The area of a leaf (also called leaf area, LA) is the most common metric for leaf size and is defined as the one-sided or projected area of an individual leaf, expressed in mm2 (see Section 3.1). Interspecific variation in LA has been variously related to climatic variation, geology, altitude and latitude, where heat stress, cold stress, drought stress, nutrient stress and high-radiation stress all tend to select for relatively small leaves. Within climatic zones, variation in the LA may also be linked to allometric factors (plant size, twig size, anatomy and architecture, leaf number, number of lateral buds produced) and ecological strategy with respect to environmental nutrient stress and disturbances, and phylogenetic factors can also play an important role.

What and how to collect?

For the leaf-collecting protocol, see under Section 3.1. LA is rather variable within plants and we recommend collecting a large number of replicates (i.e. close to the higher end of the number of replicates recommended in Appendix 1). For storing leaves, see Section 3.1.

Measuring

Measure the individual leaf lamina for species with simple leaves. For compound-leaved species, either the leaflet area or the whole LA can be measured, and the appropriate decision depends on the research question at hand. For the heat balance, the leaflet area is important, which is functionally analogous to a simple leaf. When analysing total light capture, the whole leaf should be measured. Ideally, determine for compound-leaved species both the leaflet area and whole LA, because this allows one to address more questions and to compare the results with other studies. Measure the laminae with or without petiole and rachis, according to the objectives of your study (see Section 3.1), and always report this in your publication. Note that this whole LA may be different from the area used to determine SLA.

Special cases or extras

(1) Leafless plants. Because leaflessness is an important functional trait, record LA as zero for leafless species (not as a missing value). However, be aware that these zeros may need to be excluded from certain data analyses. Alternatively, sample leaf analogues (see Succulent and leafless plants in Section 3.1).

(2) Heterophyllous plants. See Section 3.1.
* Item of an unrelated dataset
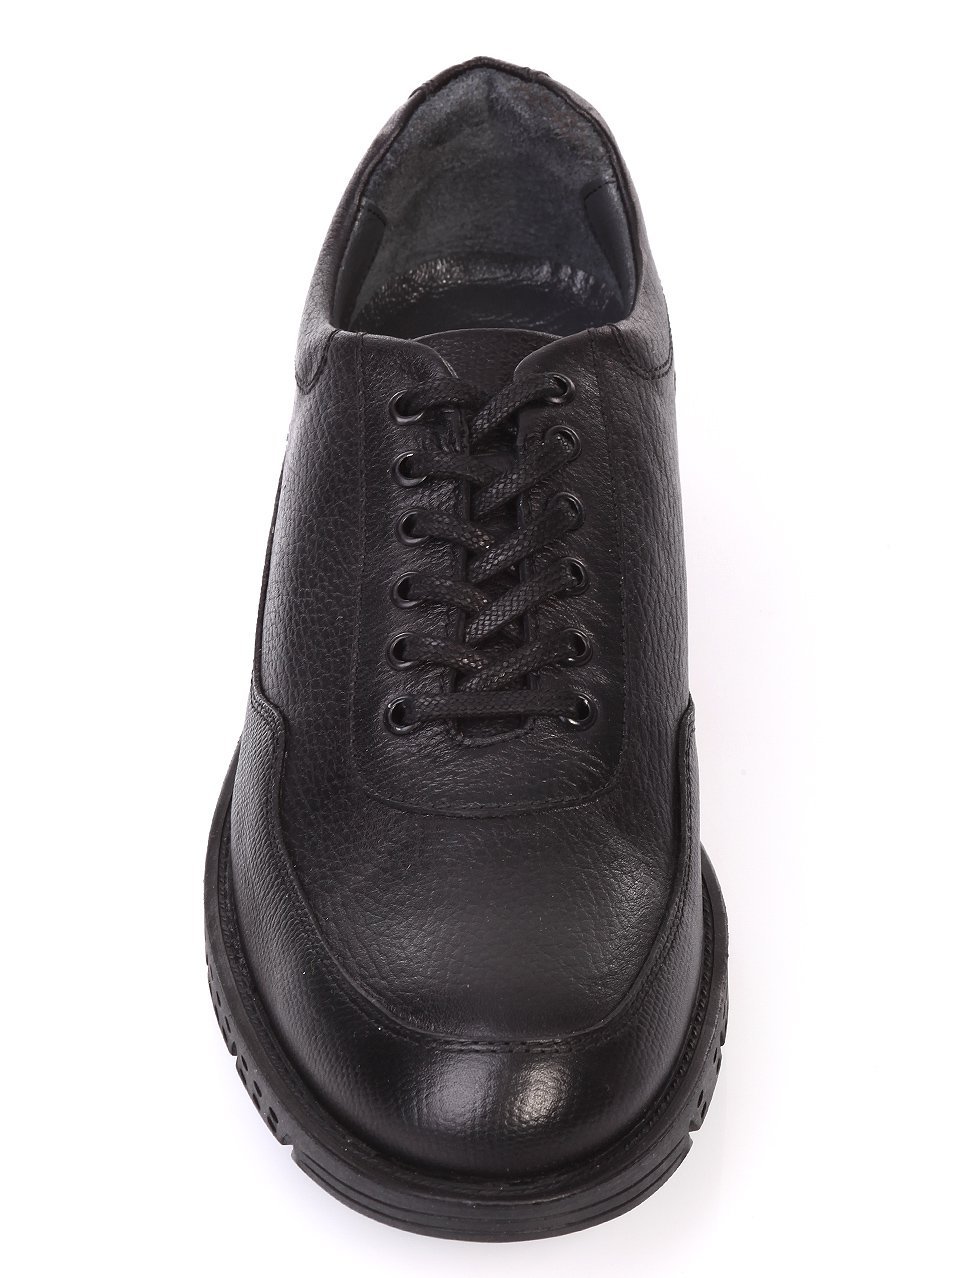 Ежедневни мъжки обувки от естествена кожа в черно 619-207 black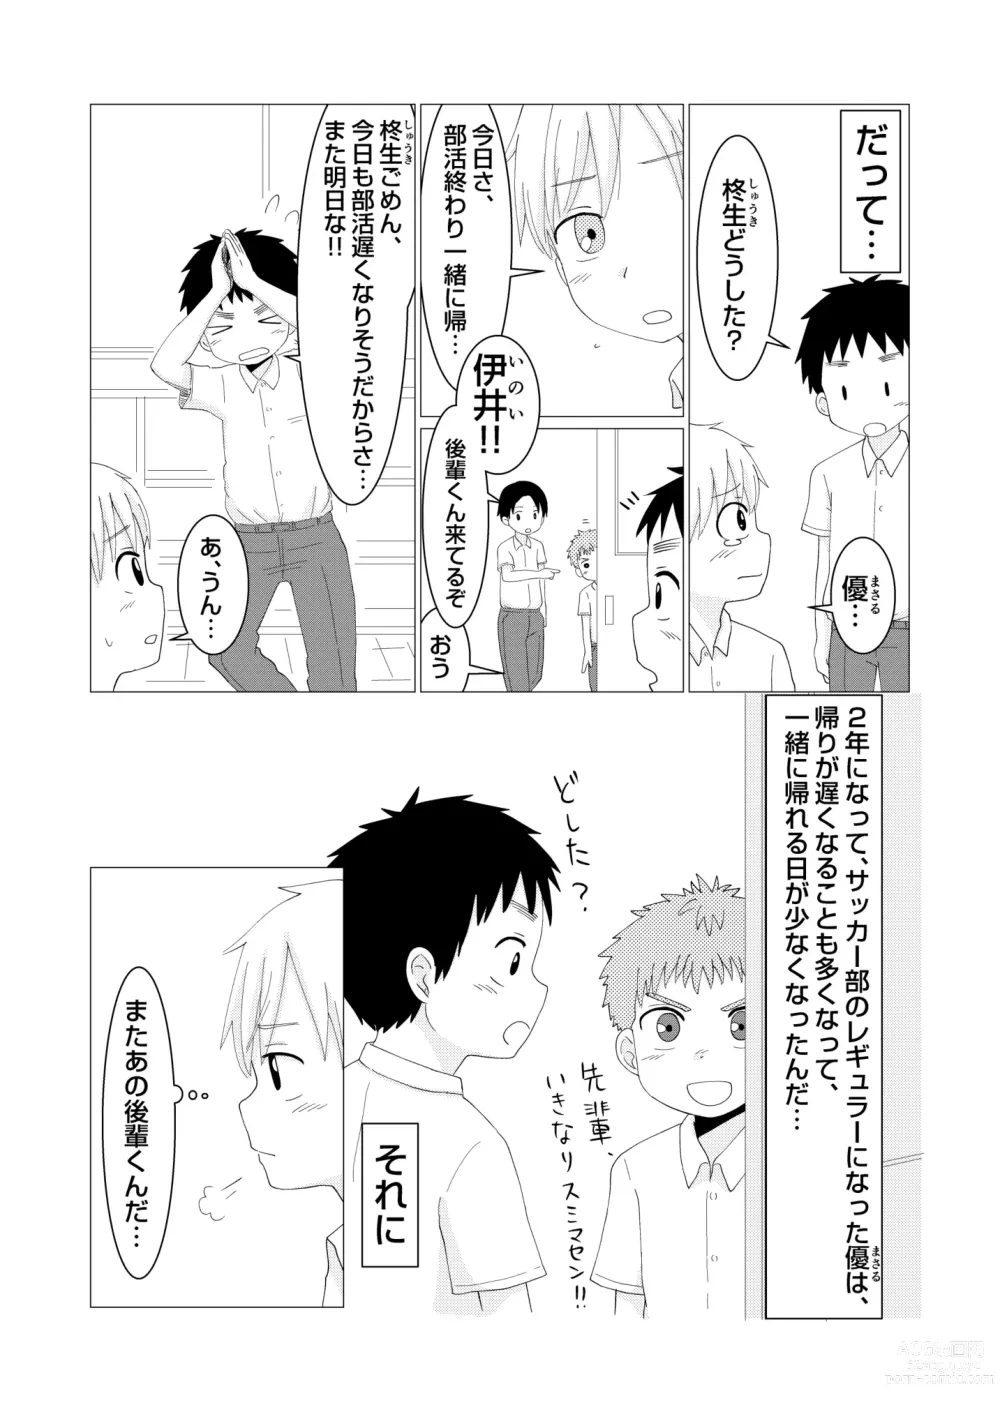 Page 4 of doujinshi Dear My Hero Episode 2

(3) Ferns. See Section 3.1.

(4) Leaf width. This is measured as the maximum diameter of an imaginary circle that can be fitted anywhere within a leaf, and is an additional trait of ecological interest related to leaf size. Narrow leaves, or divided leaves with narrow lobes, tend to have a smaller boundary layer and a more effective heat loss than do broad leaves with the same area. This is considered adaptive in warm, sun-exposed environments. There is also emerging evidence that leaf width contributes more positively than does the area of the whole leaf to the expression of canopy dominance.

(5) Leaf number per node. Leaf size is a compromise between functional and resource-use efficiency. Plants are modular in construction and, as a result, these functions can be partially uncoupled. Species with alternate, opposite and whorled leaves frequently co-exist and leaf dry mass or area multiplied by the number of leaves per node provides additionally a crude estimate of the size of each growth module. This may in extreme cases be 10 times the value of a single leaf.

References on theory, significance and large datasets: Raunkiaer (1934); Parkhurst and Loucks (1972); Givnish (1987); Cornelissen (1999); Ackerly et al. (2002); Westoby et al. (2002); Milla and Reich (2007); Niinemets et al. (2007); Niklas et al. (2007); Poorter and Rozendaal (2008); Royer et al. (2008).

More on methods: see references in More on methods of Section 3.1.